В публике, ставшей уже непосредственным участником действия, раздалось шипение.
Звонарь Мартин Кршиделько вступает в ссору с Блажеем. Зал поддерживает Кршиделько. Тогда Мошна, всегда находивший контакт со зрителями, обращается прямо к публике. Та отвечает хохотом, с галерки сыплются реплики.
Стражники хотят забрать звонаря — тут Мошна в ярости кричит:
«Оставь, пусть только попробуют дотронуться до меня! Я не осина, не задрожу, когда подует ветер из уст бесноватого паписта, угрожающего мне мрачной темницей! Подойдите только, наемники немецких советников, я вам переломаю ребра так, что вас и хозяин не узнает!»
Это было произнесено со смаком, и зал разразился ликующими криками, способными привести в ужас самого мирного полицейского. Зал вызывал Мошну по имени.
— Не поддавайся, Индра! Так им, так! Дай ему в рожу, Мошна!
После этой короткой сценки Мошна вернулся за кулисы, дрожа от радостного возбуждения, потный, усталый, словно весь вечер ходил на руках и крутил сальто-мортале.

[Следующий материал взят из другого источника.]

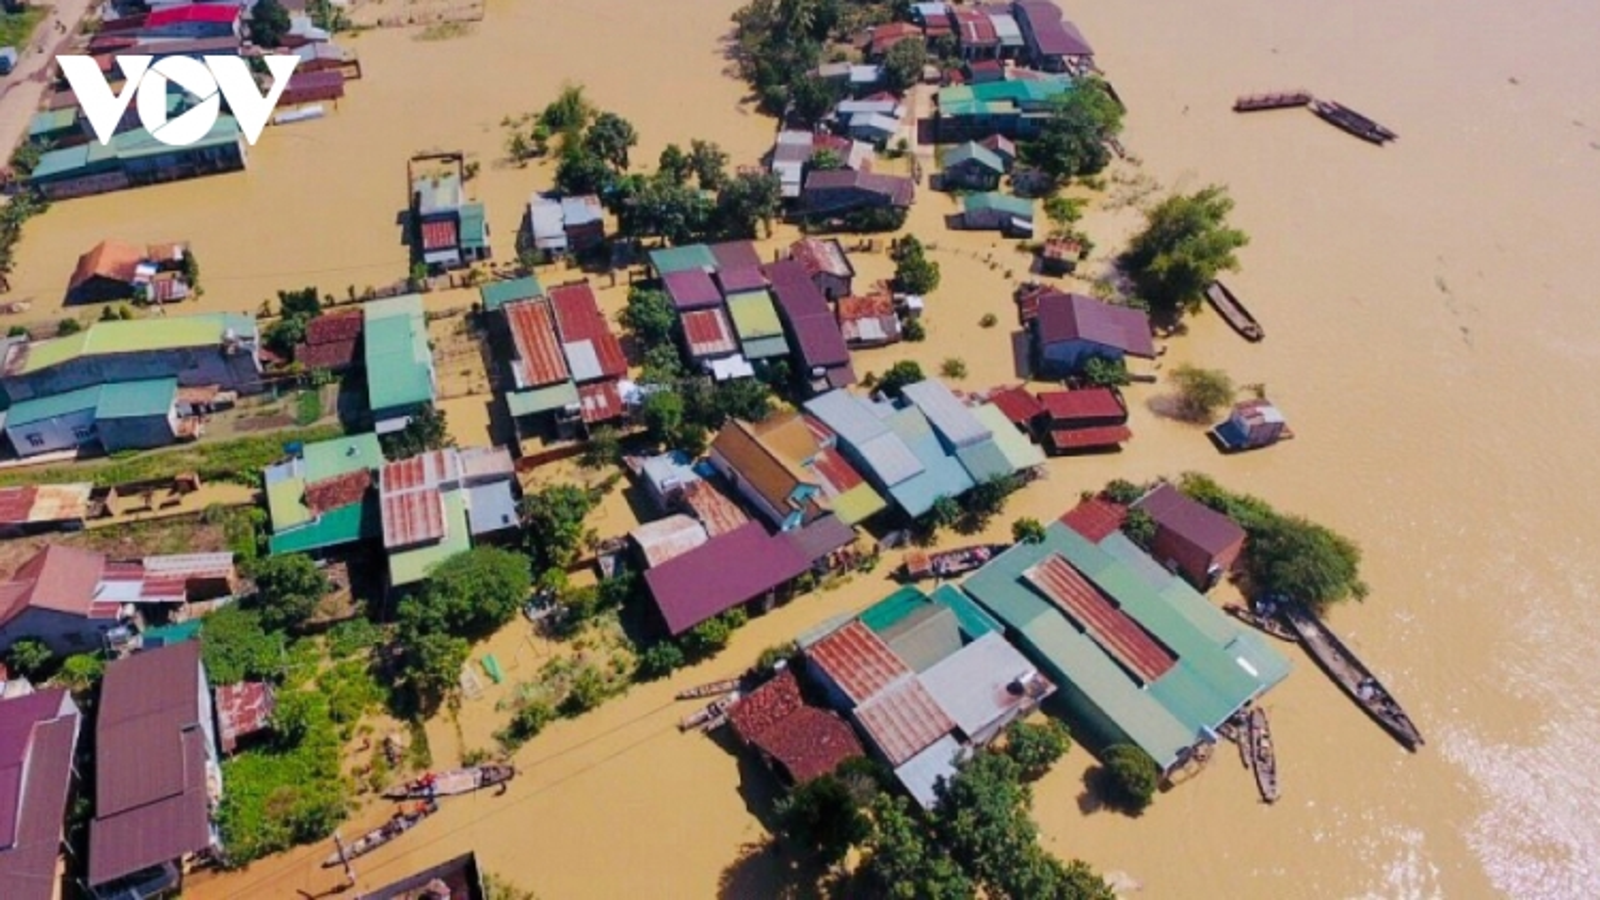 Dak Lak, Dak Nong provinces endure serious flooding despite halt in rain

В заключительных сценах, в Констанце, которые прежде игрались довольно мрачно, теперь, во время «оккупационного» представления, прозвучала непримиримость чешского народа к любому иноземному владычеству. Прежде плаксивая, жалостная сцена осуждения Гуса и пленения Иеронима Пражского приобрела теперь удивительную силу благодаря общему тону решимости и стойкости.
Глубокое впечатление произвел диалог Гуса со Штепаном из Палеча. Этот прежний друг Гуса, а ныне предатель, сломившись духом, в ужасе от жестокого приговора, является просить у Гуса прощения, которое и получает вместе со справедливым предостережением. Во время этой сцены в зале царила глубокая тишина. Многим зрителям по аналогии приходило на ум не одно имя чешских политических деятелей…
Спектакль, завершавшийся монологом рыцаря Гануша из Хлума, которому король доверил охранять Гуса в пути на Констанцский собор, — эту роль с подлинным героизмом играл Фердинанд Шамберк, — увенчался восторженной демонстрацией публики.
Представление кончилось. Люди выходили из театра и, очутившись на свежем воздухе, осознавали, что возвращаются из царства грез о героическом прошлом в мир трезвой и унизительной действительности, в мир, где над ними реет знамя оккупантов, которое со временем, правда, опустится, но будет сменено прежним знаменем ненавистной монархии.
Долго еще стояли зрители перед театром, словно им трудно было уйти от места, где звучали столь ободряющие слова новых надежд.
Йозефина не была занята в последнем, пятом акте. Она немного постояла еще за сценой, следя за игрой товарищей, потом вдруг спохватилась, будто что-то разбудило ее, и быстро ушла разгримировываться. Возбуждение ее еще не спало — пожалуй, никогда она не отдавалась роли столь беззаветно, как сегодня. Забыв обо всем, она сидела в антрактах, закрыв глаза и сжав голову ладонями, чтобы ничто не могло вывести ее из образа. И не хотела думать ни о чем другом. Она опасалась, что очнется и тогда вернутся к ней собственные мысли о том, что случилось с ней перед самым спектаклем.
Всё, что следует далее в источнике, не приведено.